Scope of Arbitrator’s Power: Arbitrator Did Not Exceed Scope of His Power When He Denied A Motion For An Uncontested Arbitration

Result Is Dictated By Stipulation to Arbitrate, Weak Record, and Failure To Object Earlier

A variation on roulette, in which one picks a number, and the house spins a wheel. Las Vega, Nevada

Wheel of Fortune.  Carol M. Highsmith, photographer.  Between 1980 – 2006.  Library of Congress.

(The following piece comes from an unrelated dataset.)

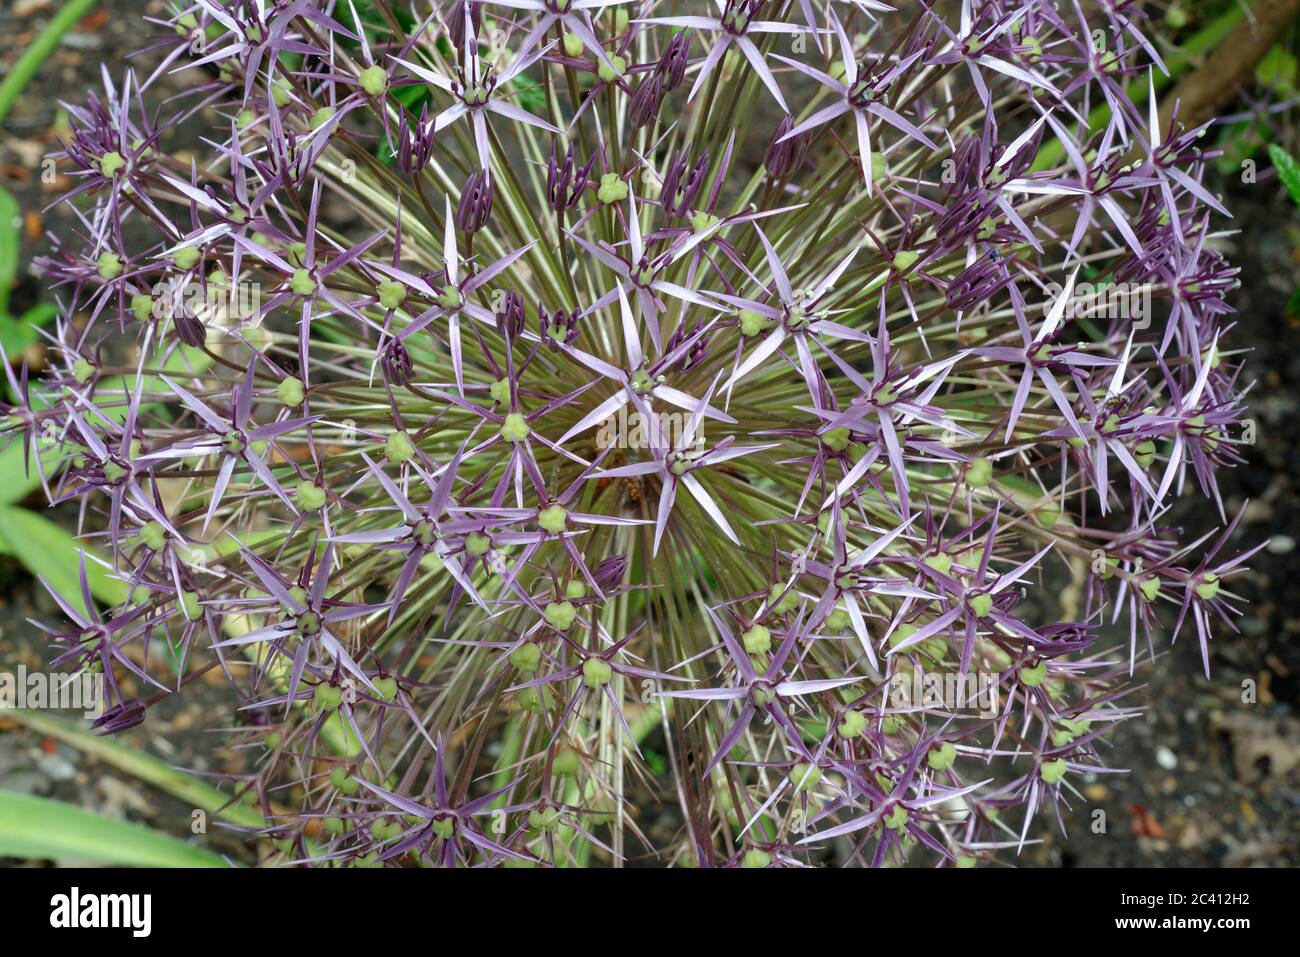 Ein lila Allium Blütenkopf im späten Frühjahr / Frühsommer. Auch bekannt als kultivierte Zwiebel/Knoblauch, produziert es eine große Zierblüte. Stockfoto

     Plaintiff Jin Gang Zhao was on a bus headed to a casino, when a bus accident occurred, he fell to the floor, and injured his back.  In the ensuing arbitration, Mr. Zhao was awarded $15,000 in damages against a dissolved bus company located in China, and defendant was awarded $26,268.03 in costs.  The Arbitrator apparently rejected the plaintiff’s objection that injury in the bus accident drove plaintiff to drink “Red Sorghum,” a strong Chinese liquor, causing him to suffer liver damage.  Plaintiff appealed confirmation of the arbitration award on the grounds that the stipulation to arbitrate was invalid, and the Arbitrator exceeded the scope of his power by denying plaintiff’s motion for an uncontested arbitration.  Zhao v. Ming Du International Trade, Inc., Case No. B236813 (2nd Dist. Div. 5 January 7, 2013) (Turner, P.J., author) (unpublished).

     The wrinkle here is that the defendant was dissolved and absent from the US, did not sign the stipulation to arbitrate, and did not show up at the hearing.  Because the defendant did not sign the stipulation, plaintiff argued it was invalid.  And because defendant did not show up at the hearing, despite a notice to attend, plaintiff argued that the arbitration should have been tried as an uncontested matter.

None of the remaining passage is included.